• [Try it] Would you transcribe the records below from the line with "Striped Sock-Native World-The" to the line with "Pijama largo camisero, de", ends included, exactly and with nothing more, leaving the pictures out?

• [Available data]

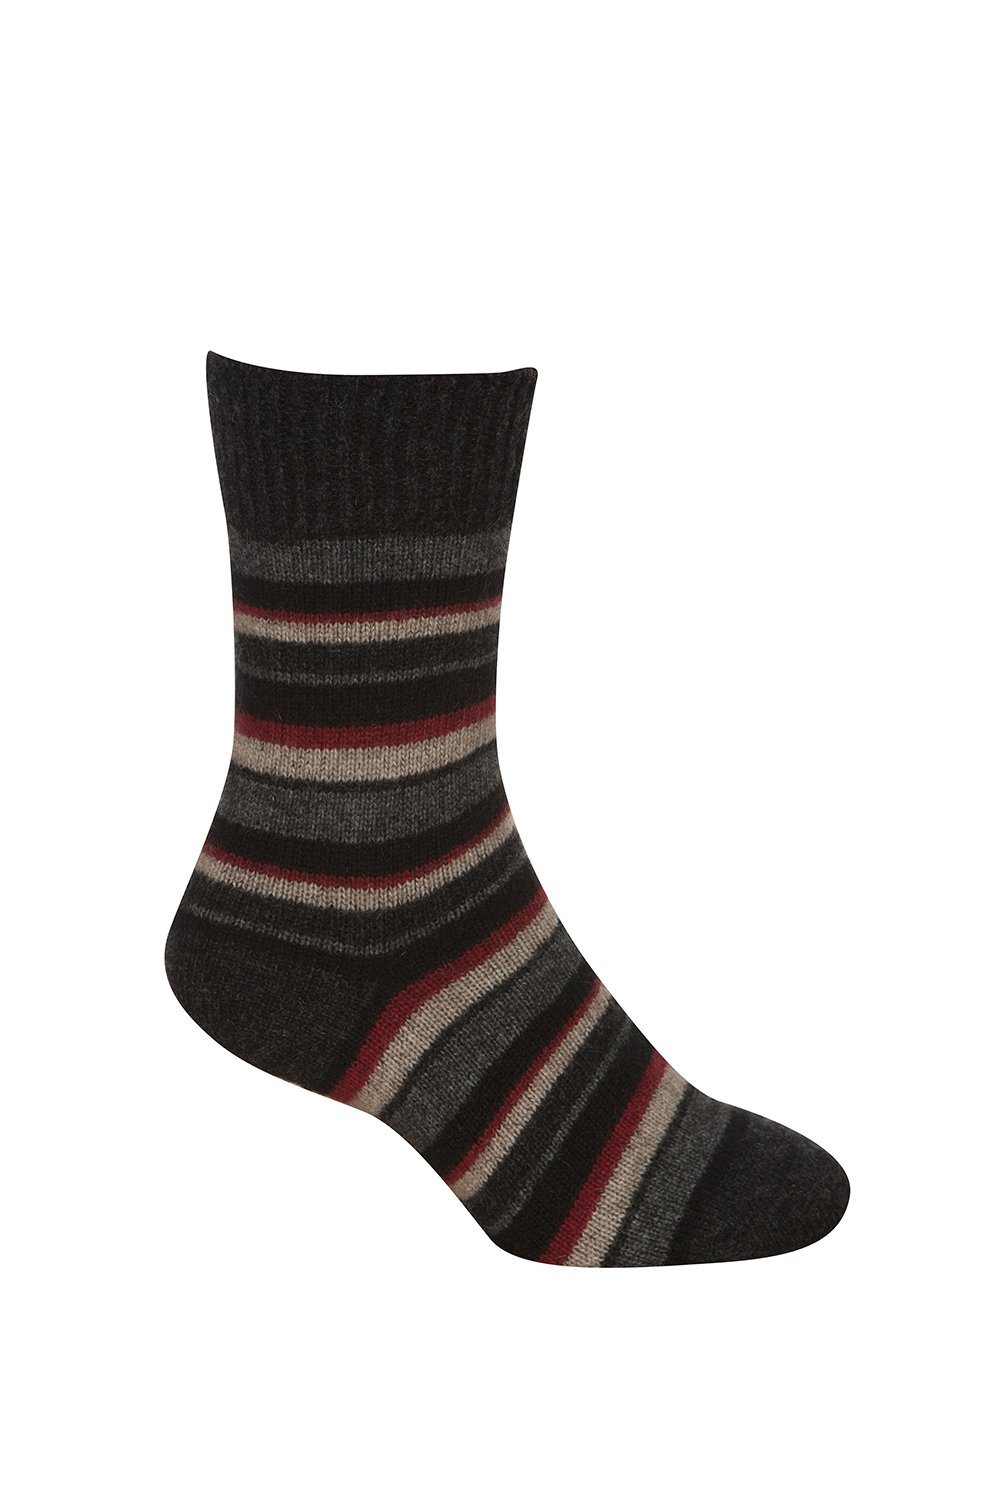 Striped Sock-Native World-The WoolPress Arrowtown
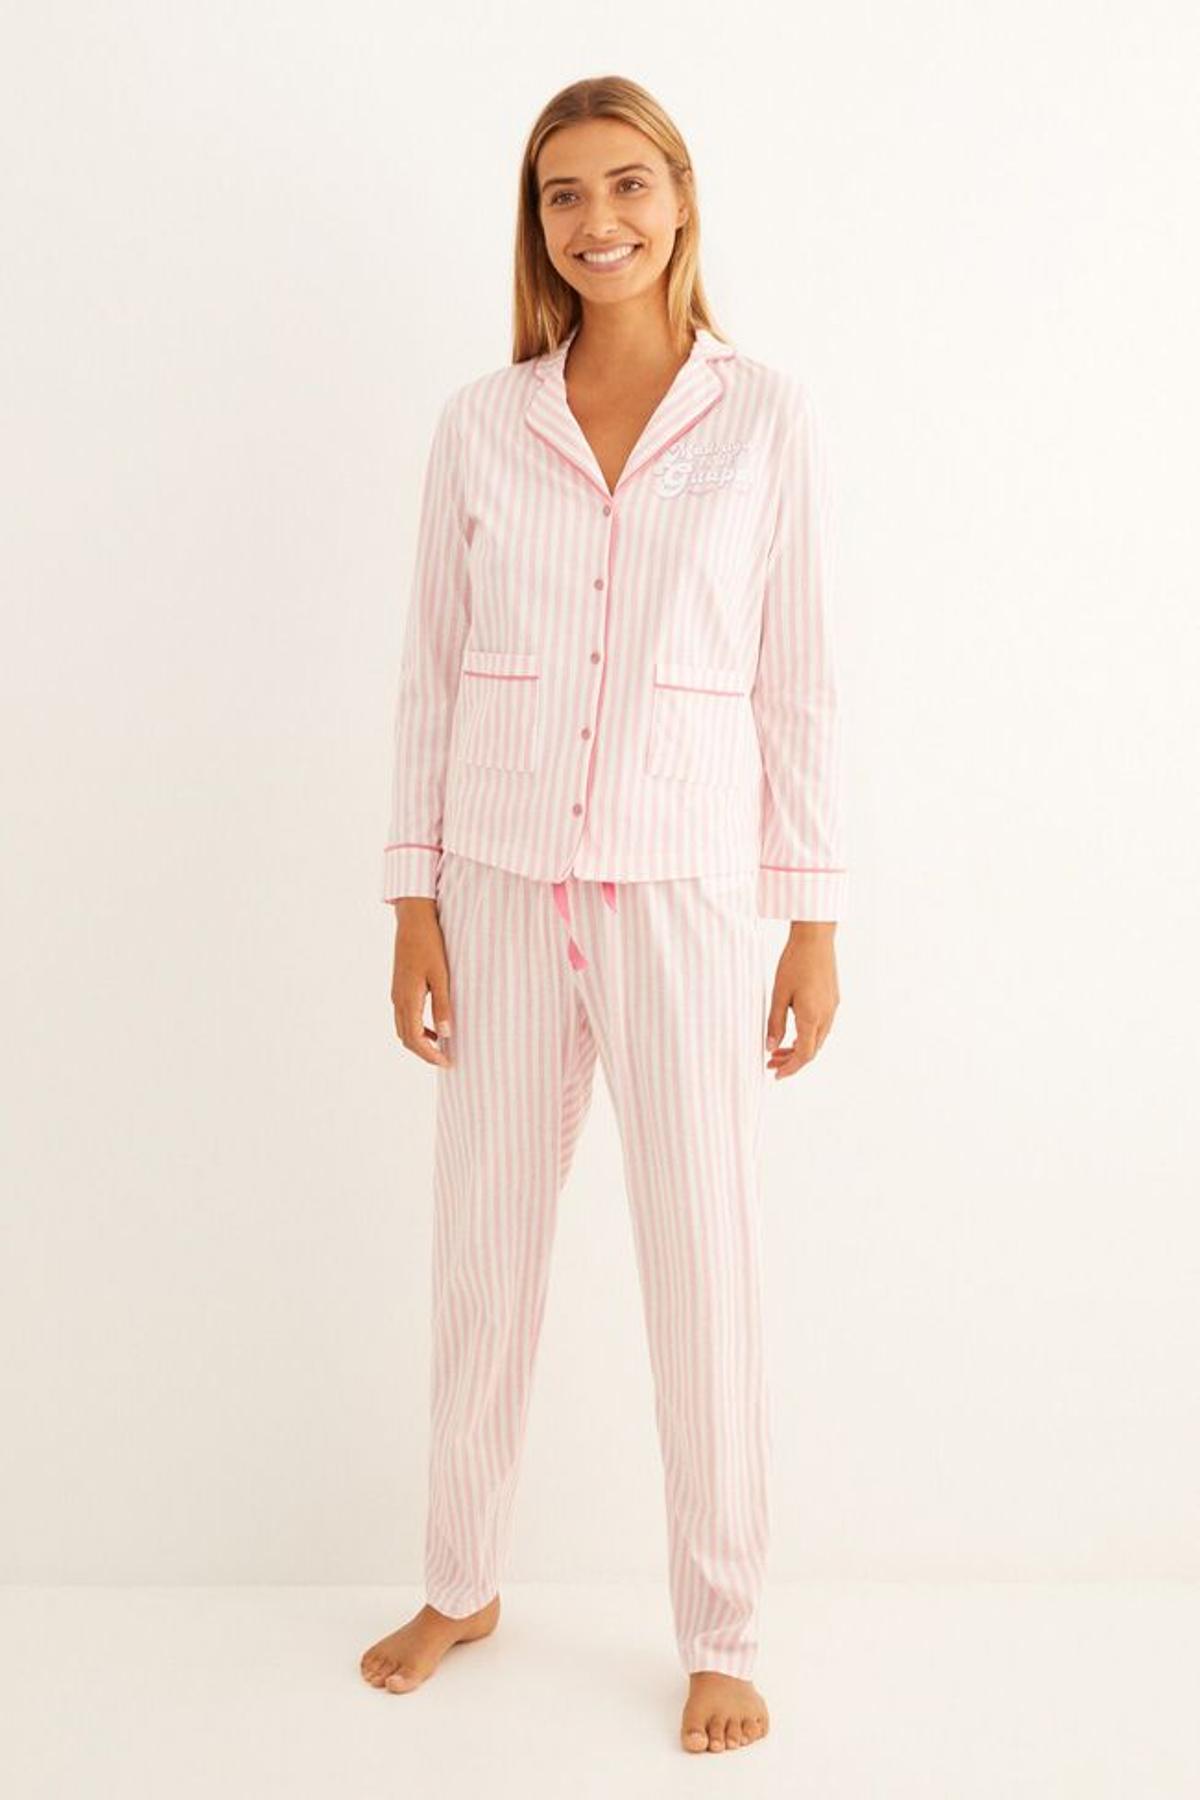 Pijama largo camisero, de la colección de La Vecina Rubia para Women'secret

--

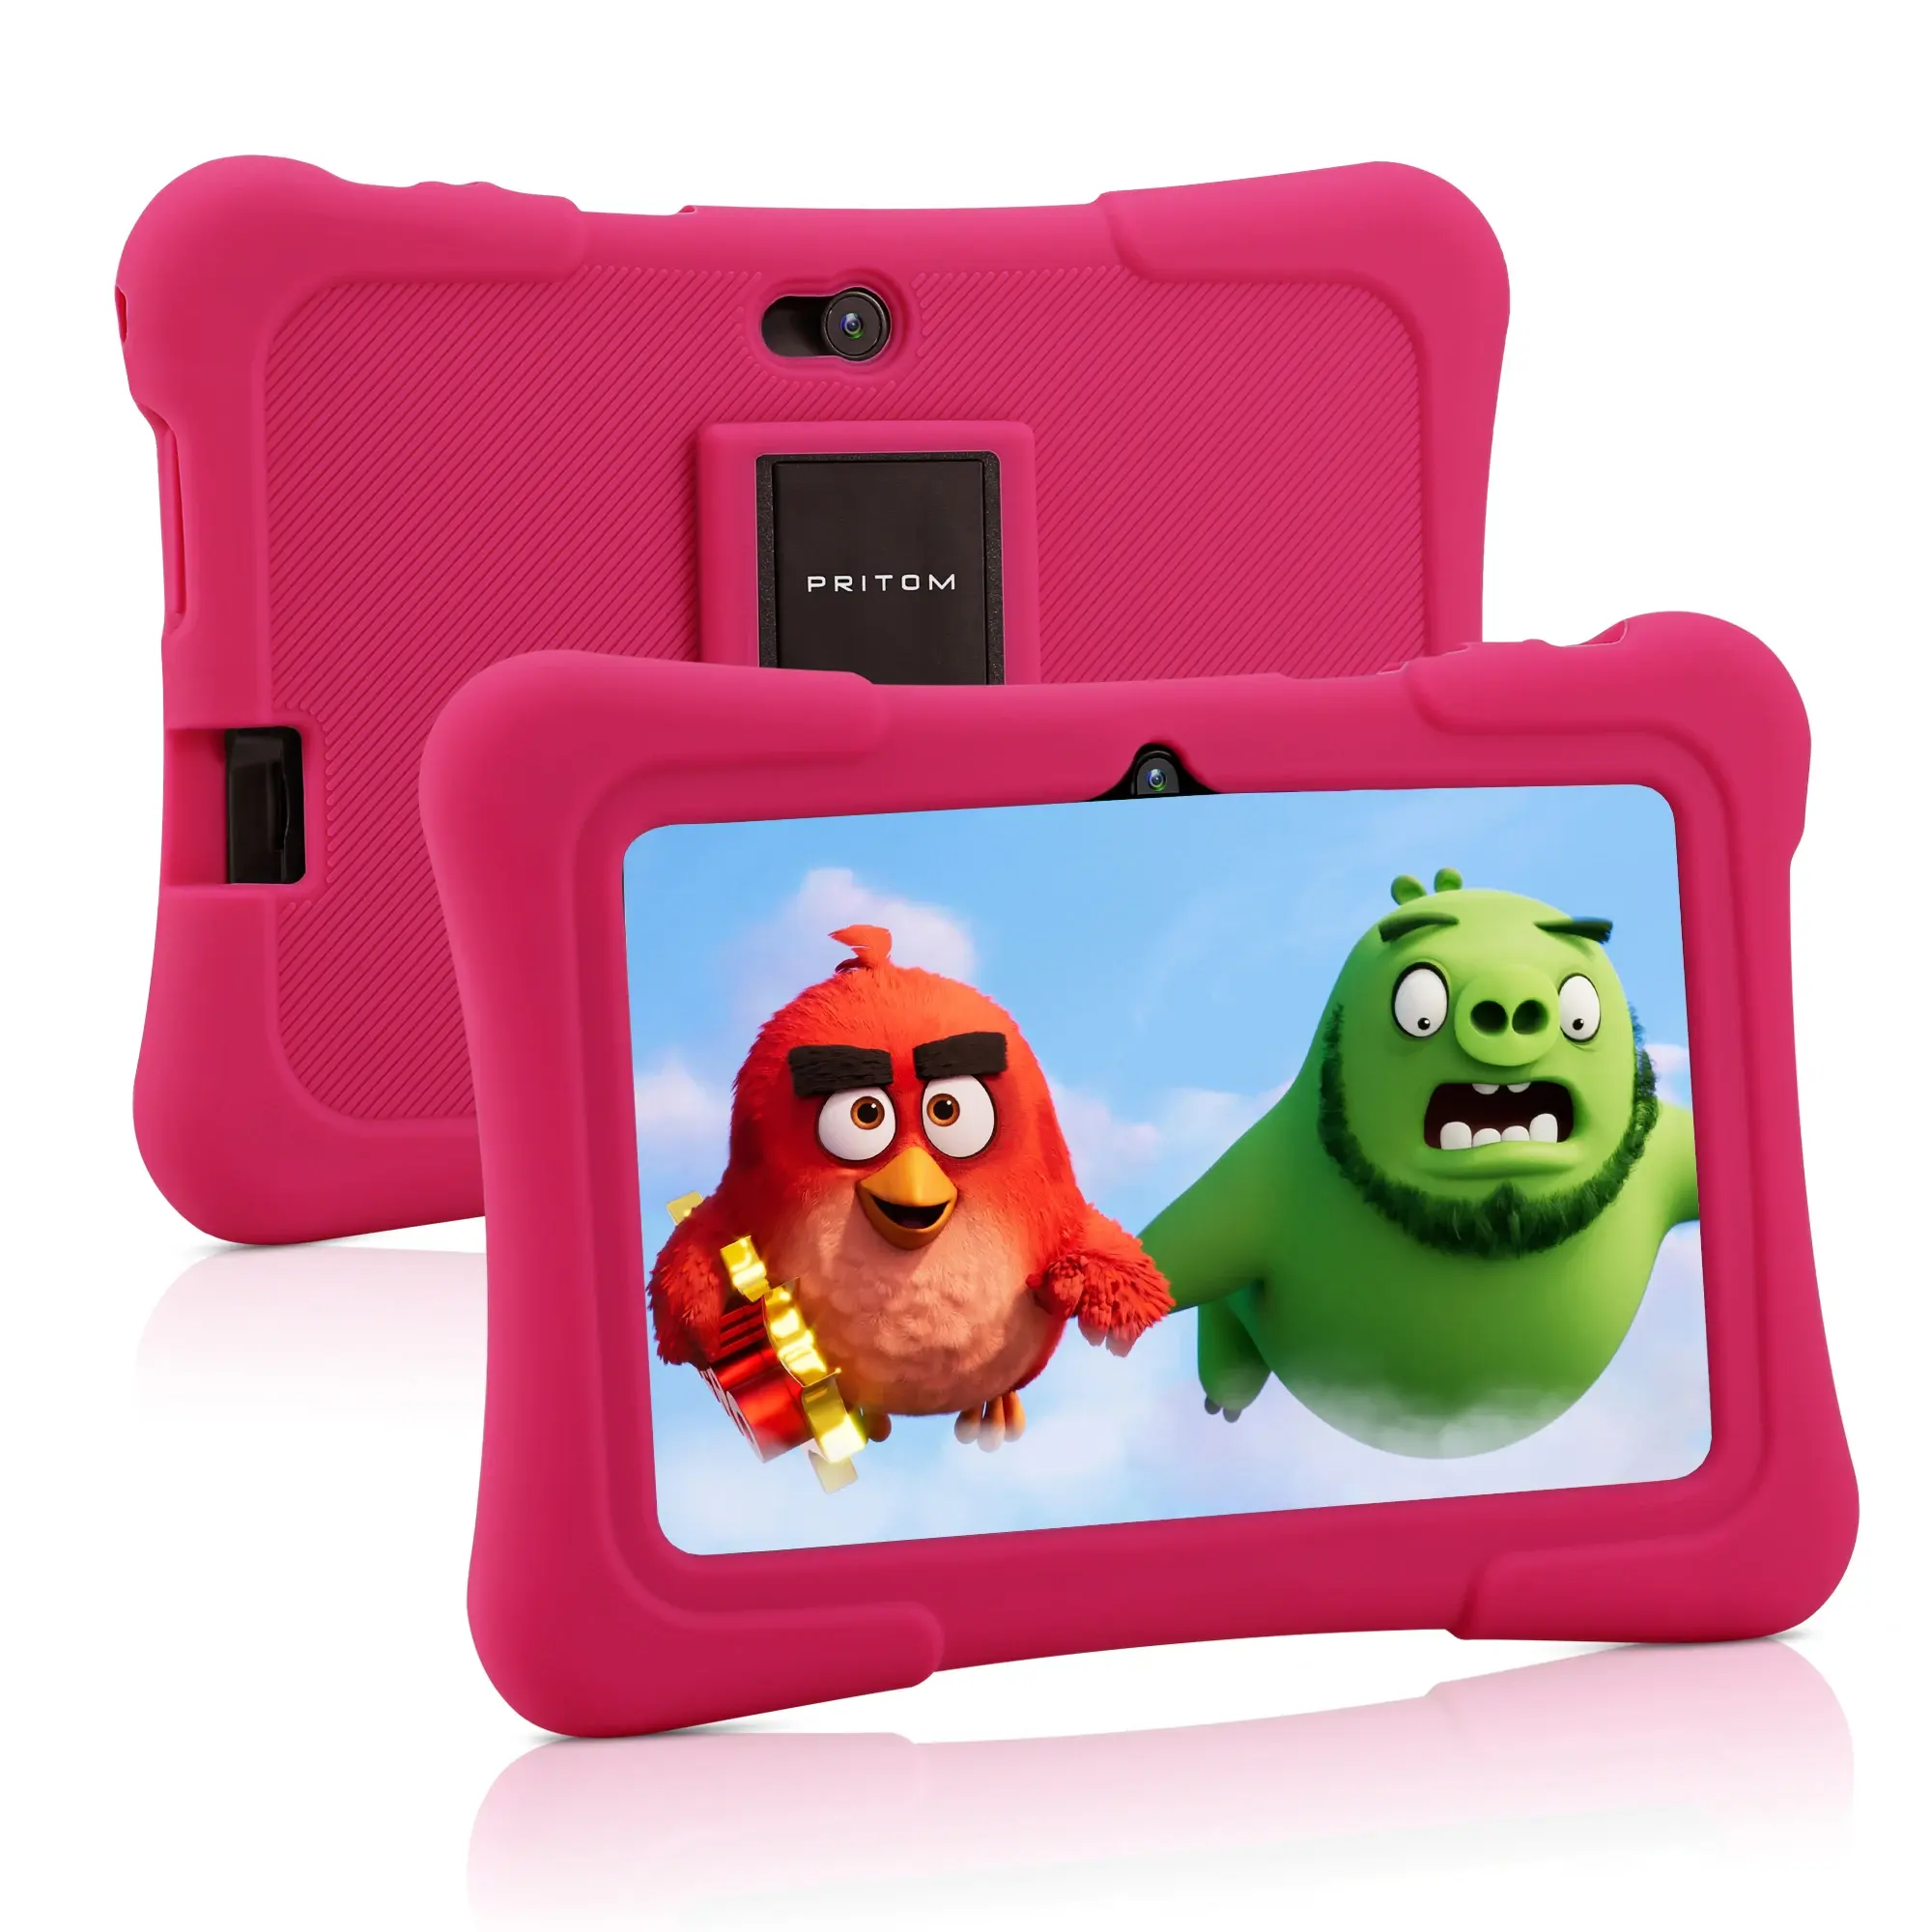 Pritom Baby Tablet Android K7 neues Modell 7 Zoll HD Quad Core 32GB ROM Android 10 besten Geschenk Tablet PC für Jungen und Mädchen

• [Output]
 Striped Sock-Native World-The WoolPress Arrowtown
 Pijama largo camisero, de la colección de La Vecina Rubia para Women'secret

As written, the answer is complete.